- [DATA PROVIDED]
- Opening Delimiter -

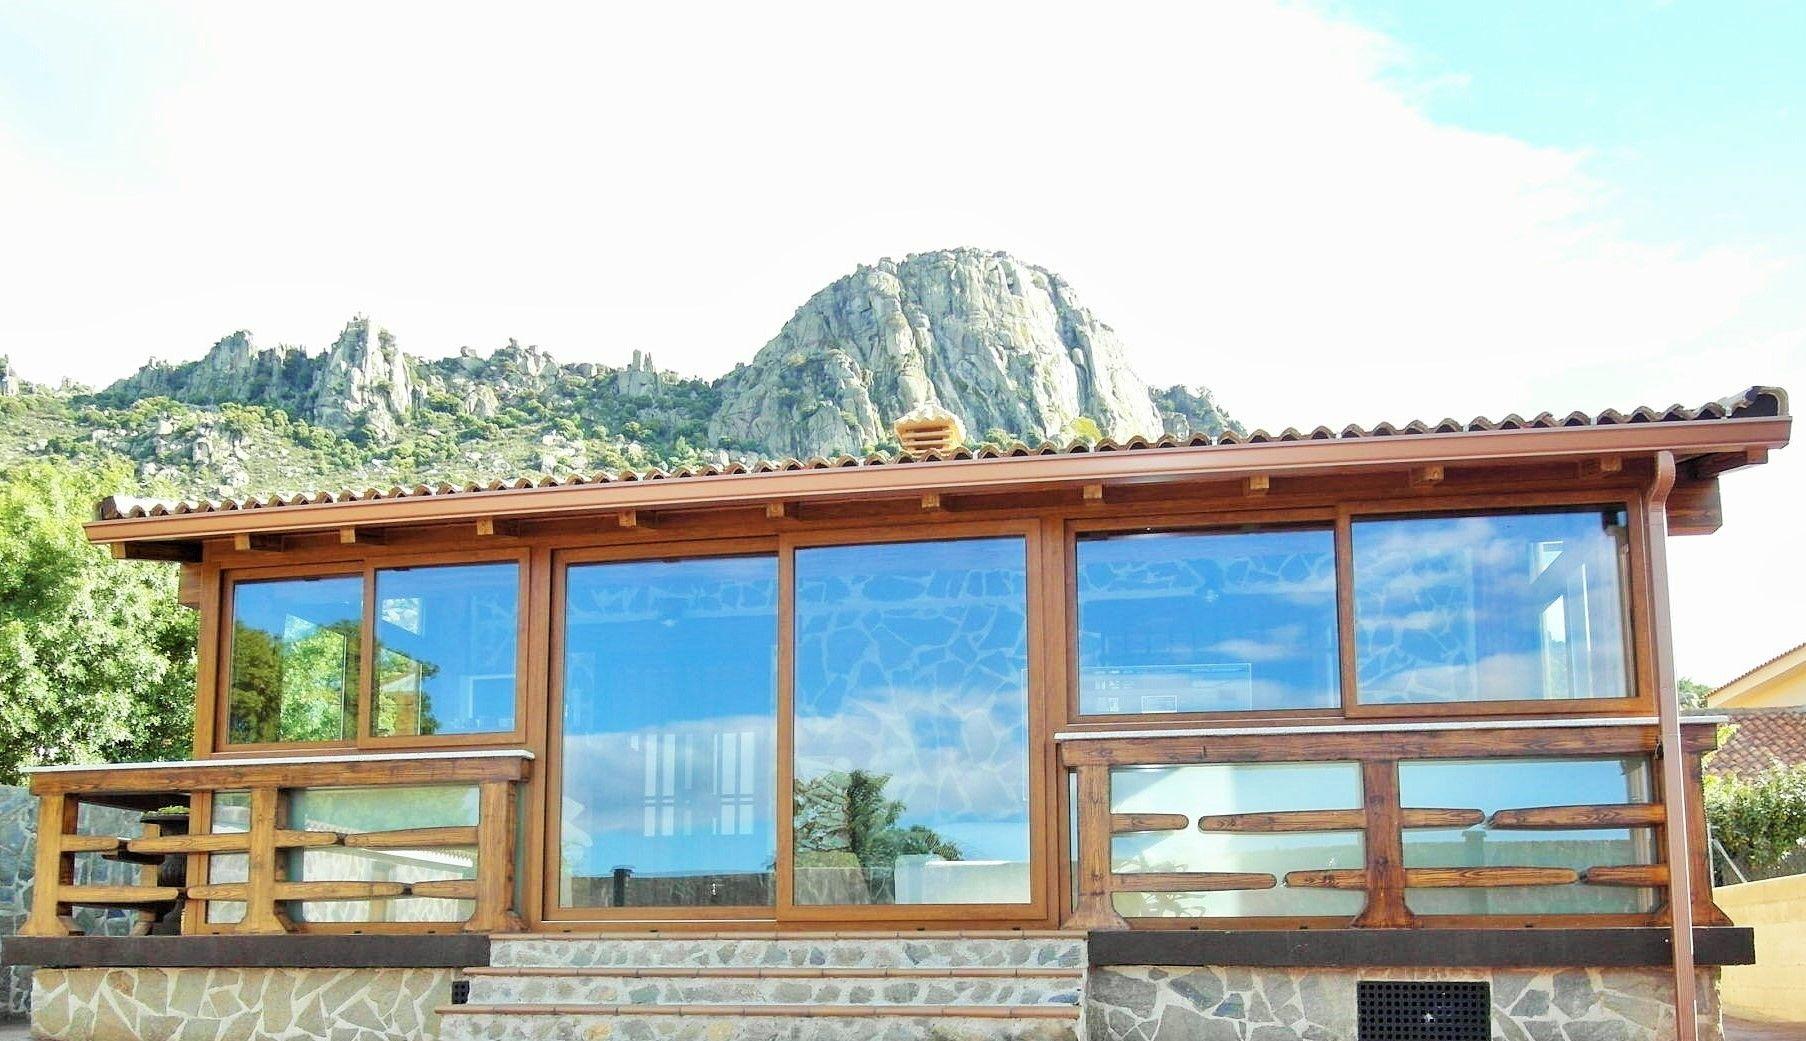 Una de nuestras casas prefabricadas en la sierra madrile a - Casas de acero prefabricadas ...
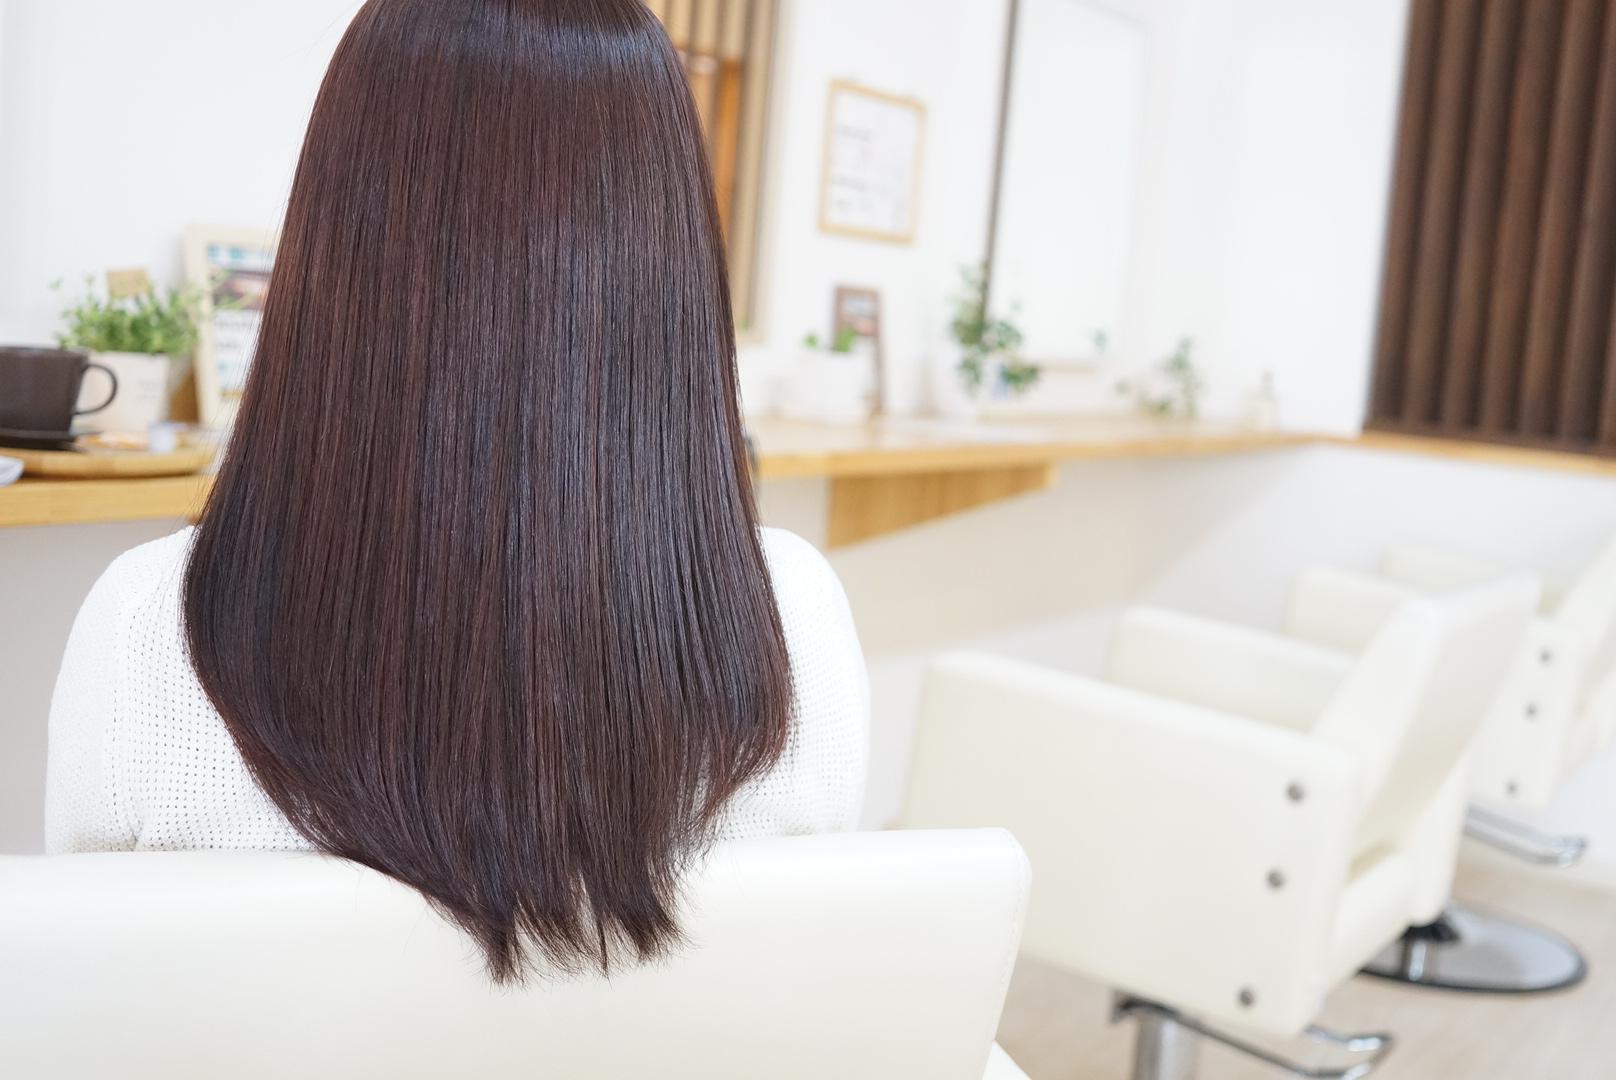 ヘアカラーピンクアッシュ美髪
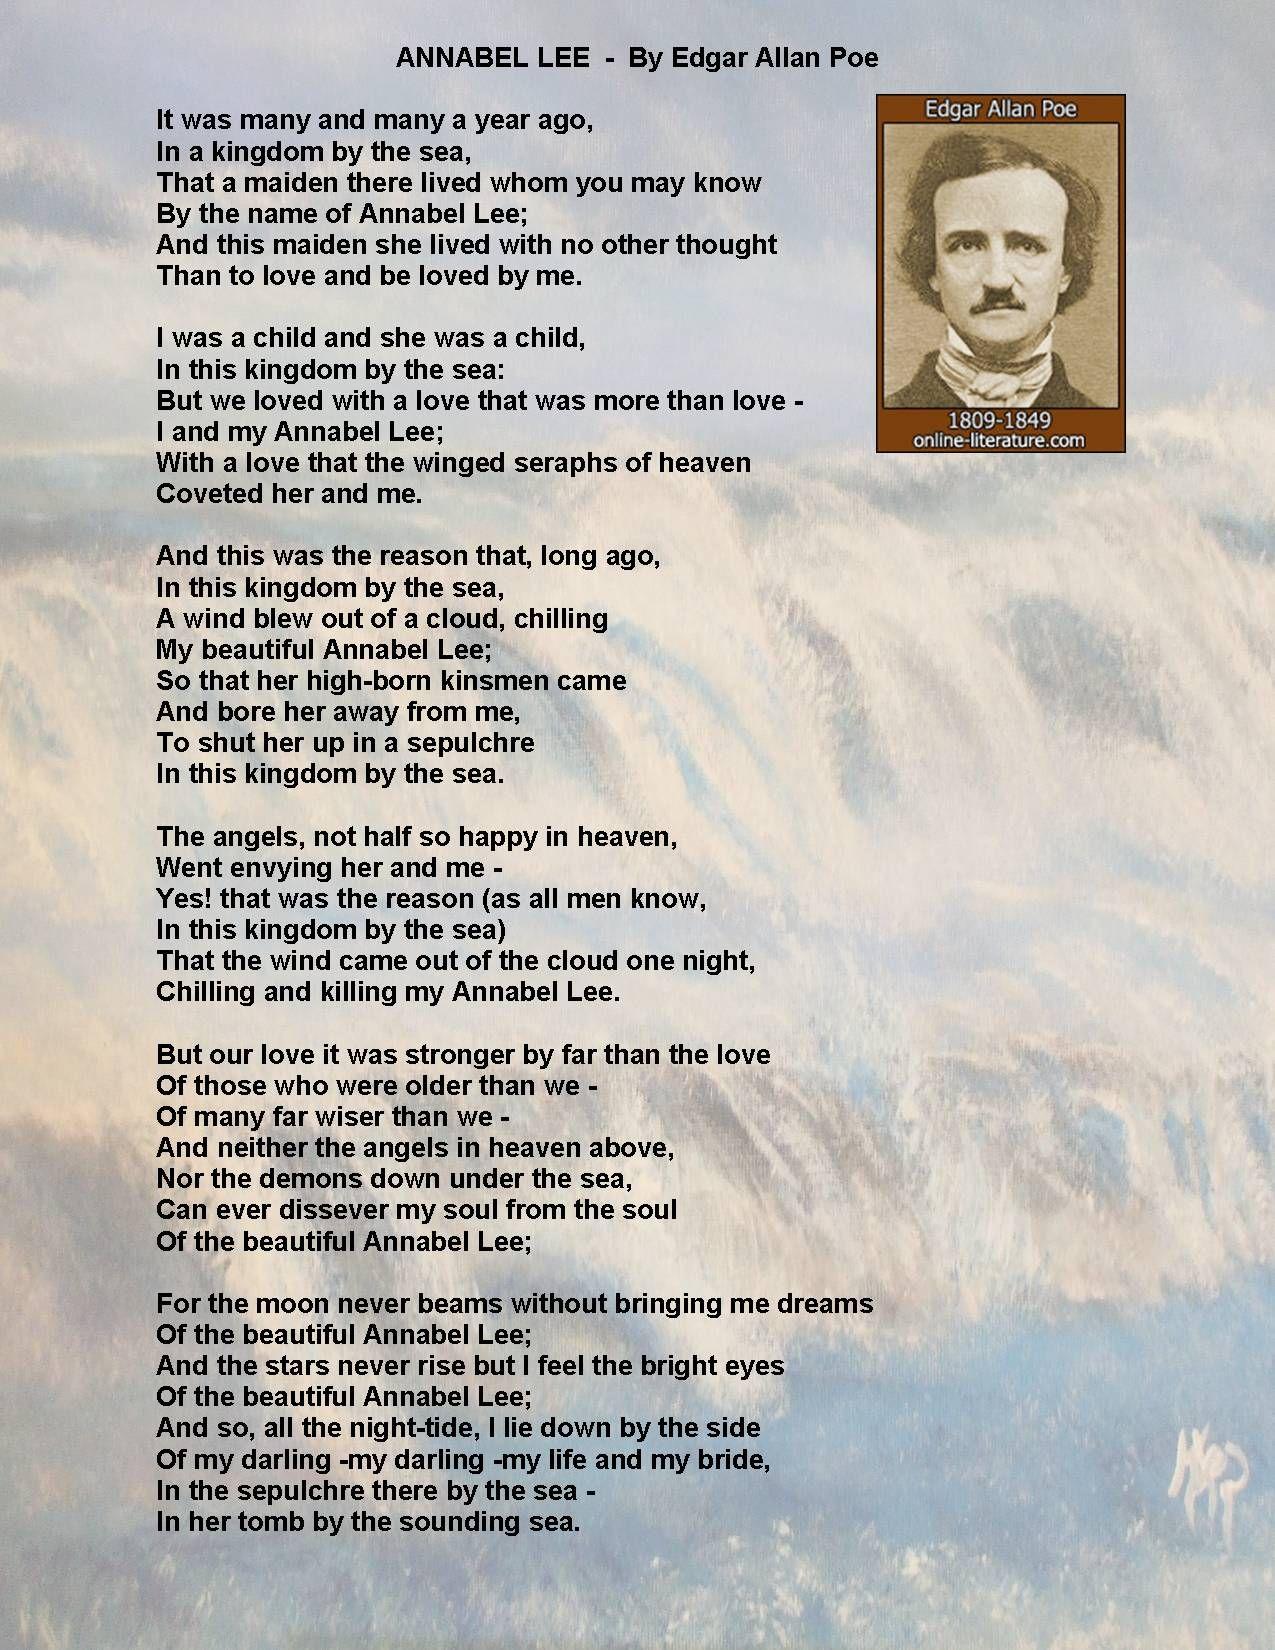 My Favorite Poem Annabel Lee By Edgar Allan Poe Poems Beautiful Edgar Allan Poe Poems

- Closing Delimiter -

- [INSTRUCTIONS TO FOLLOW]
Transcribe the listing in full. Leave the pictures out.

- [RESPONSE]
 Una de nuestras casas prefabricadas en la sierra madrile a - Casas de acero prefabricadas ...
 ヘアカラーピンクアッシュ美髪
 My Favorite Poem Annabel Lee By Edgar Allan Poe Poems Beautiful Edgar Allan Poe Poems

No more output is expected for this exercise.